Dataset excerpt
━━━━━━━━

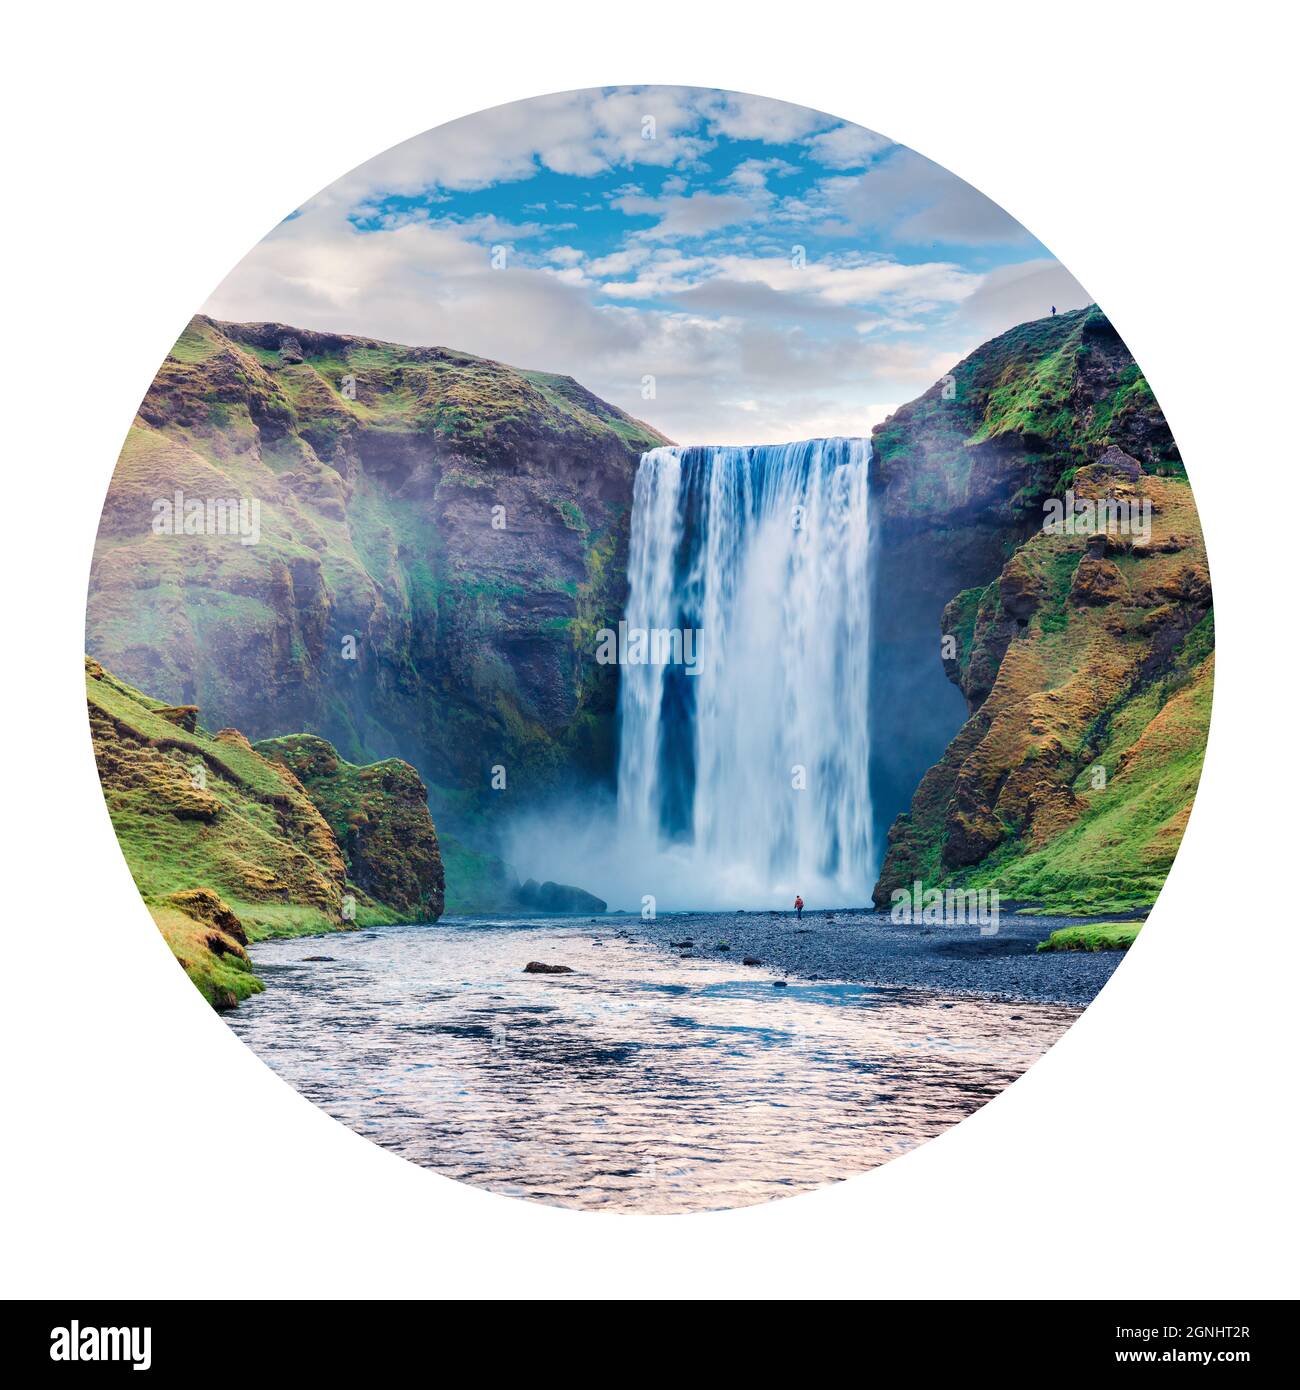 Runde Ikone der Natur mit Landschaft. Wunderschöne Sommeransicht des Skogafoss Wasserfalls auf dem Skoga Fluss, Island, Europa. Fotografie im Kreis. Stockfoto
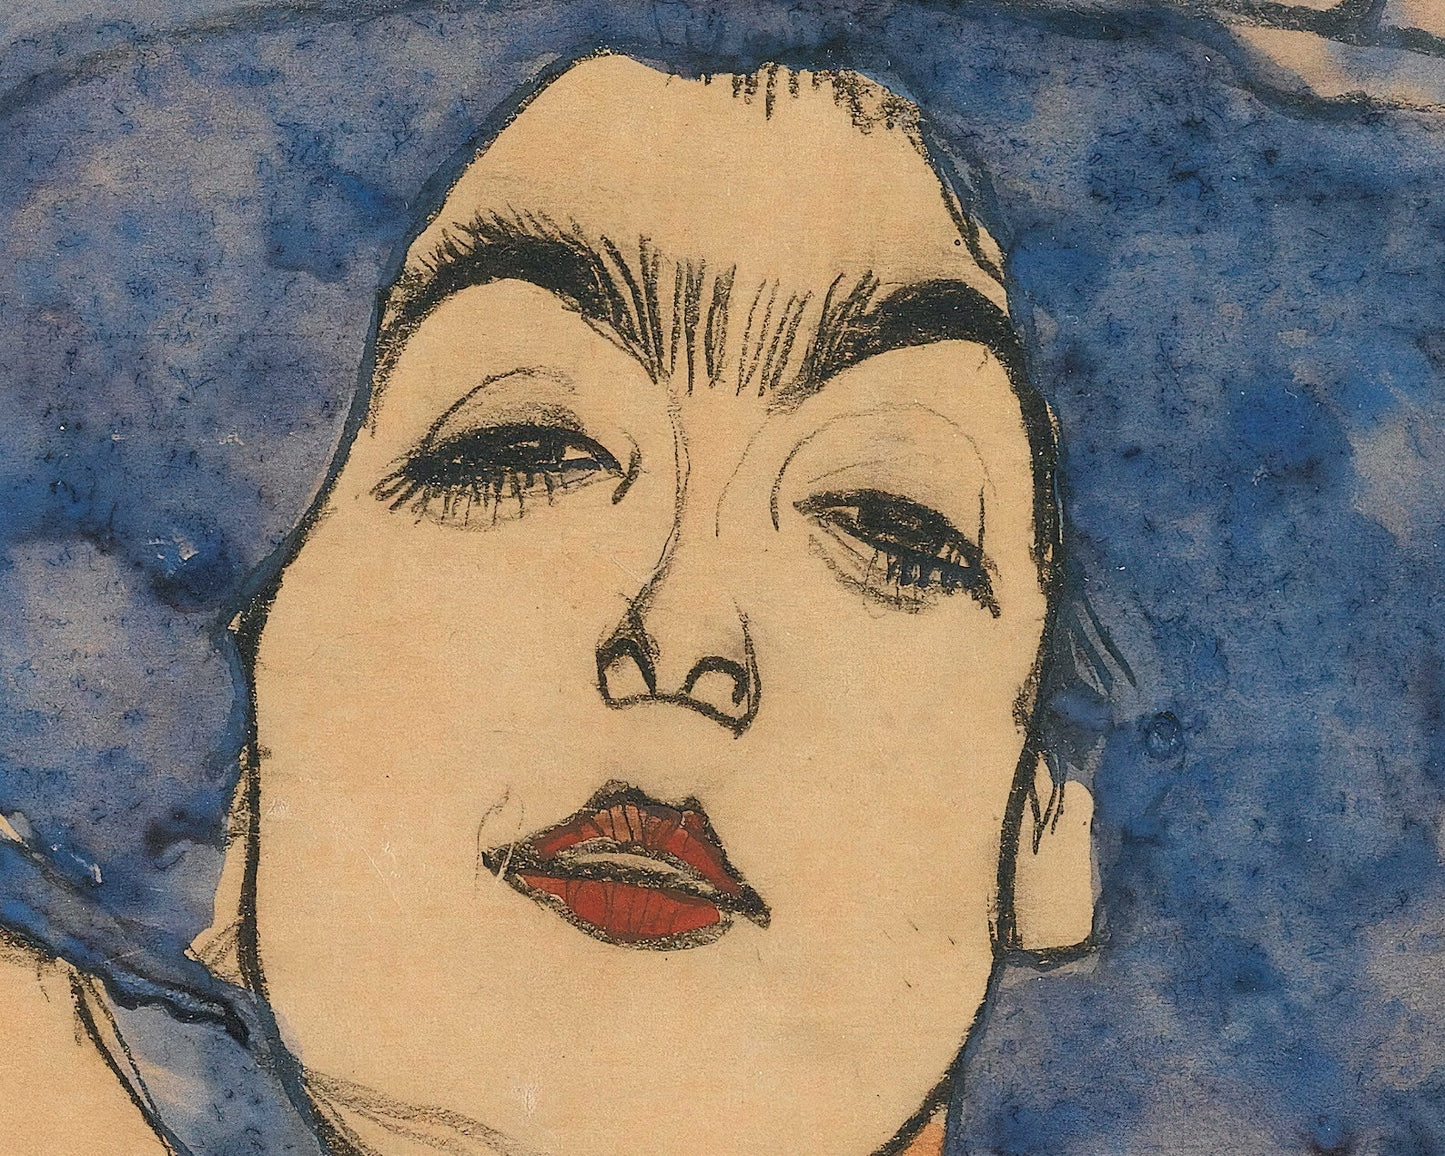 Egon Schiele "Eva Freund in Blue Hat" (c.1910) - Mabon Gallery
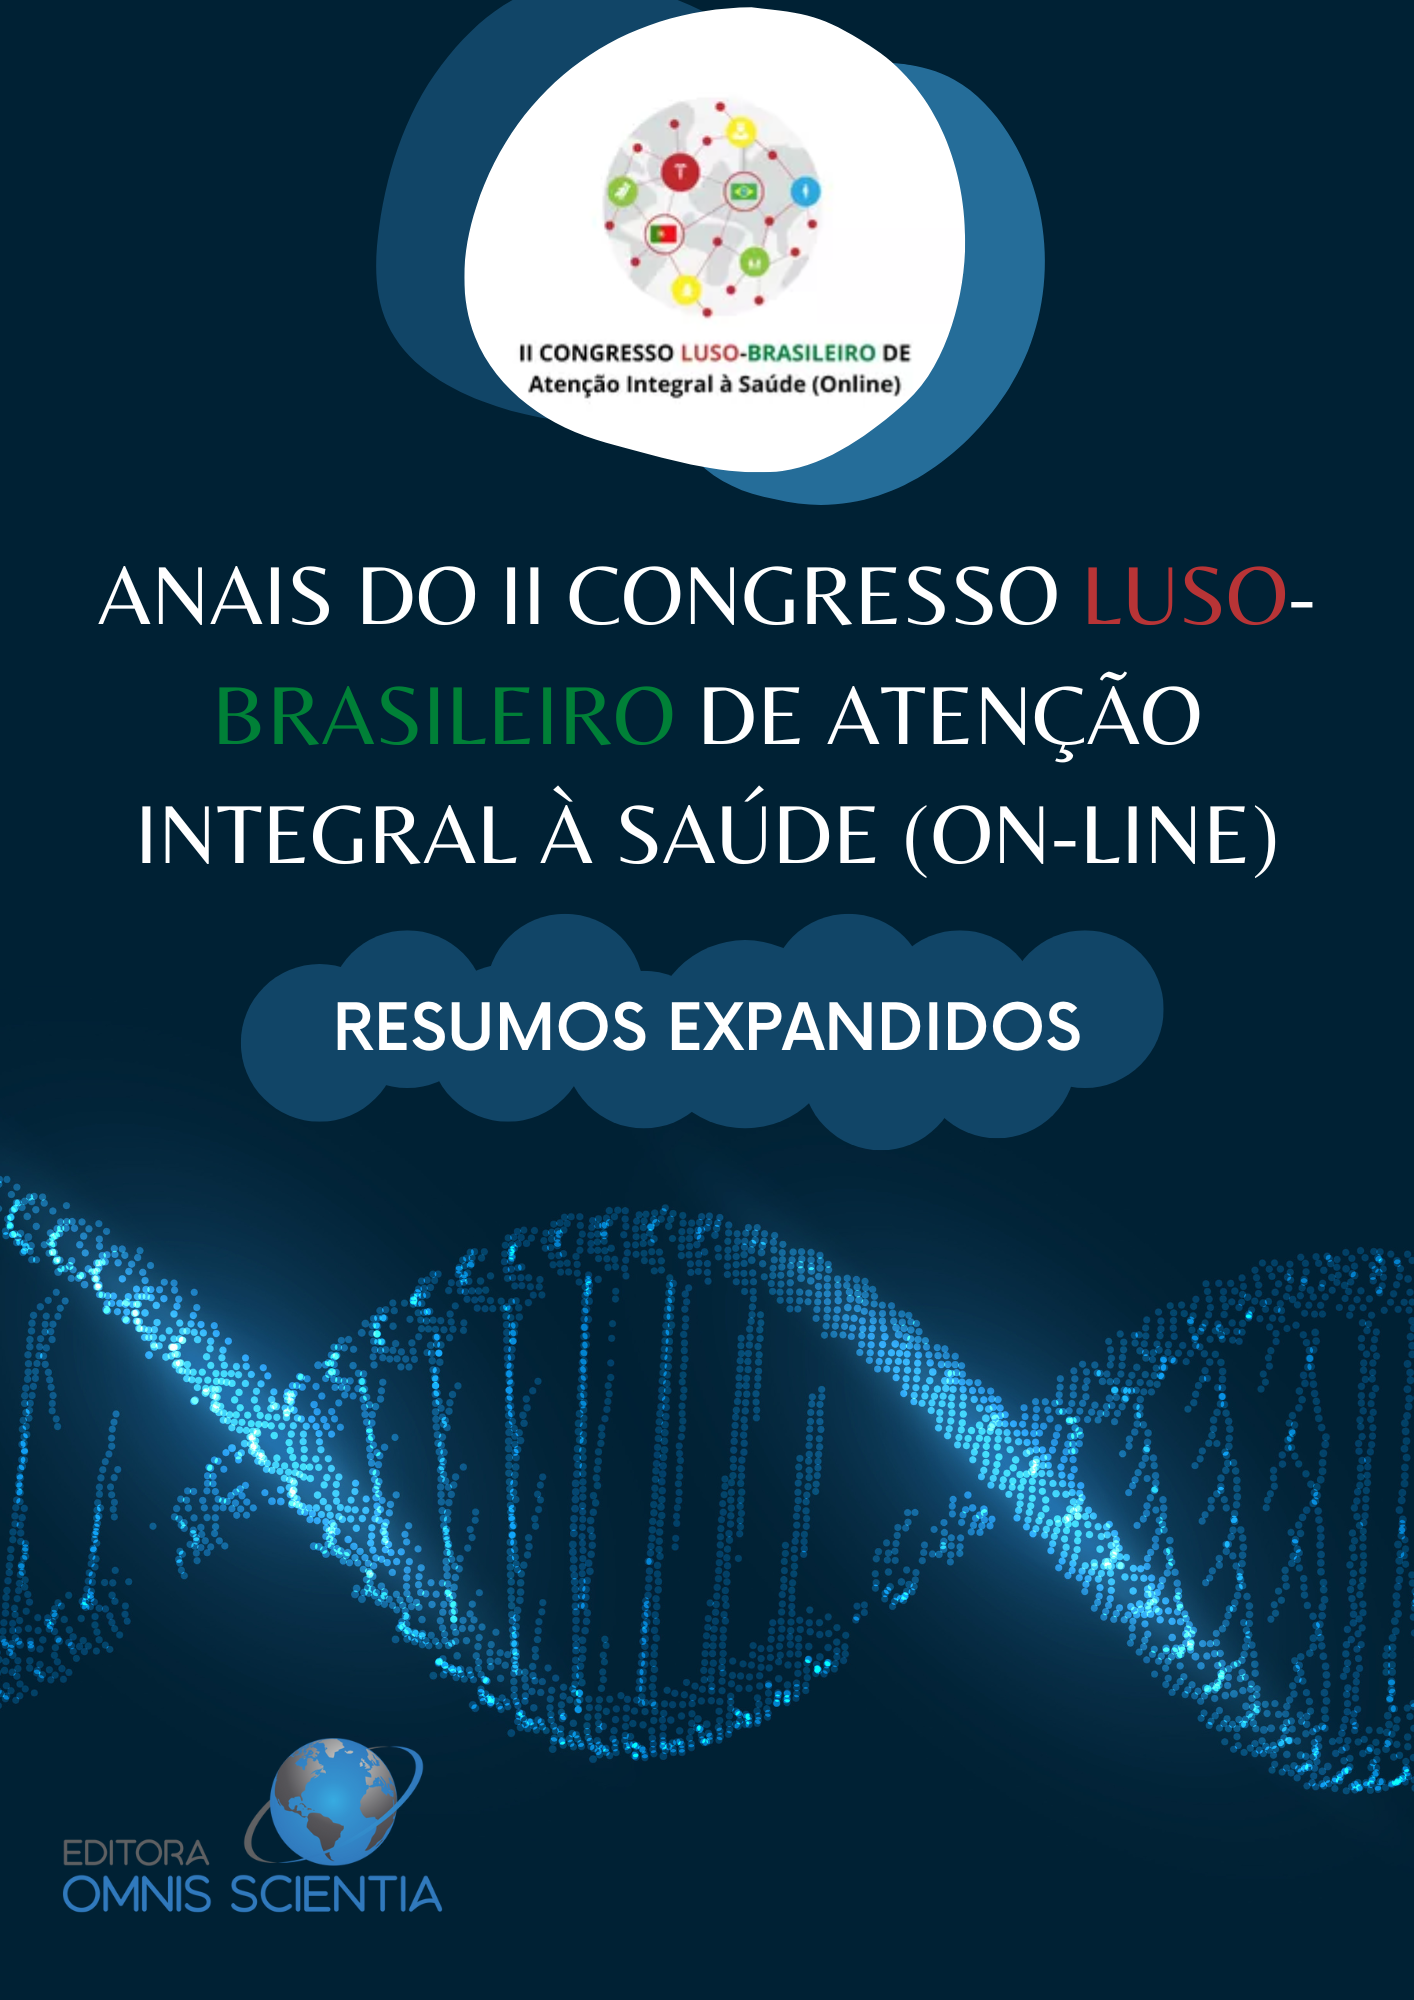 ANAIS DO II CONGRESSO LUSO-BRASILEIRO DE ATENÇÃO INTEGRAL À SAÚDE (ON-LINE) – RESUMOS EXPANDIDOS
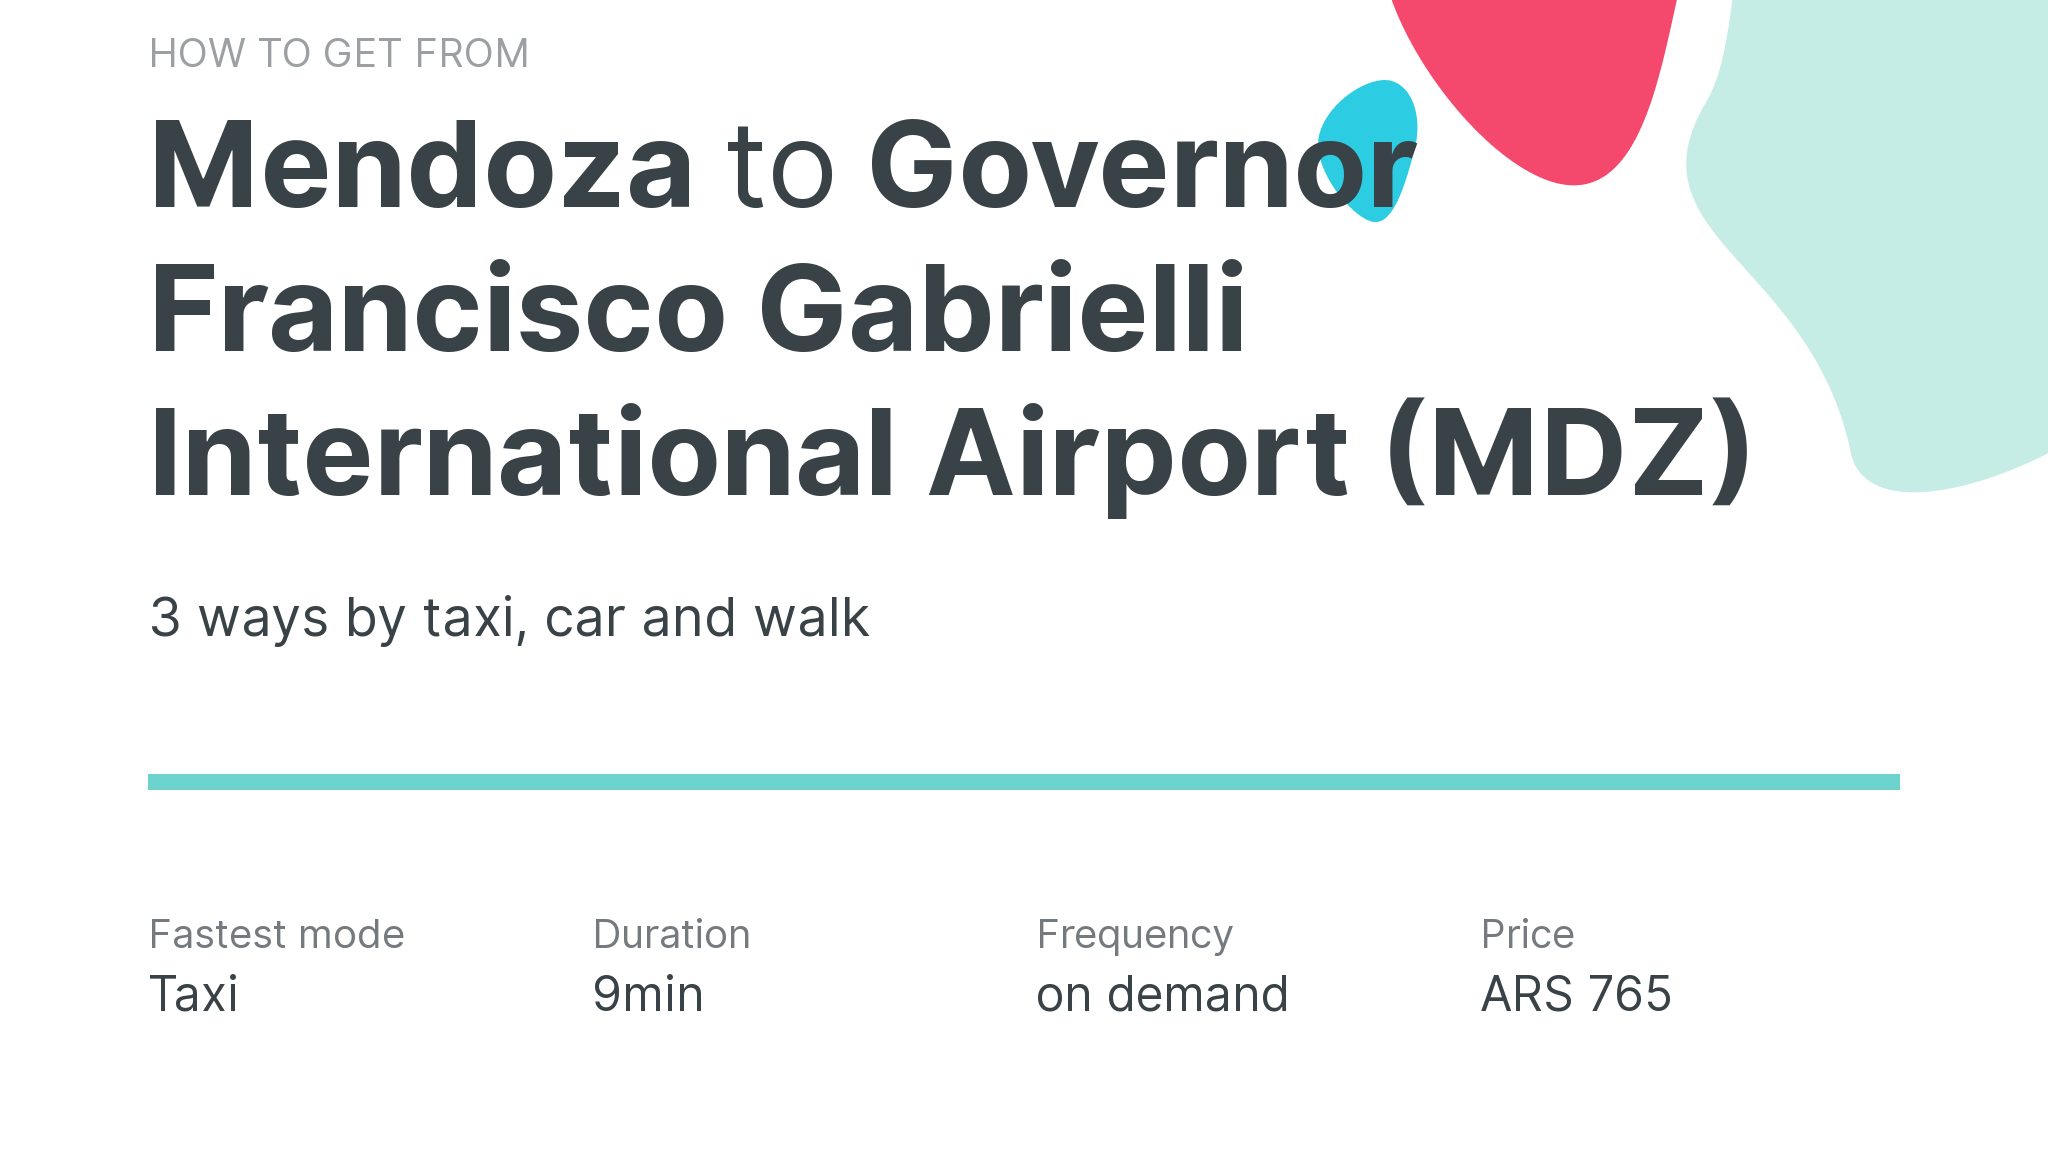 How do I get from Mendoza to Governor Francisco Gabrielli International Airport (MDZ)

━━━━━━━━

Exercise instructions
Output only the lines from the line that contains "ANAIS DO II" through the end of the material, both ends included, and skip every picture.

The answer
 ANAIS DO II CONGRESSO LUSO-BRASILEIRO DE ATENÇÃO INTEGRAL À SAÚDE (ON-LINE) – RESUMOS EXPANDIDOS
 How do I get from Mendoza to Governor Francisco Gabrielli International Airport (MDZ)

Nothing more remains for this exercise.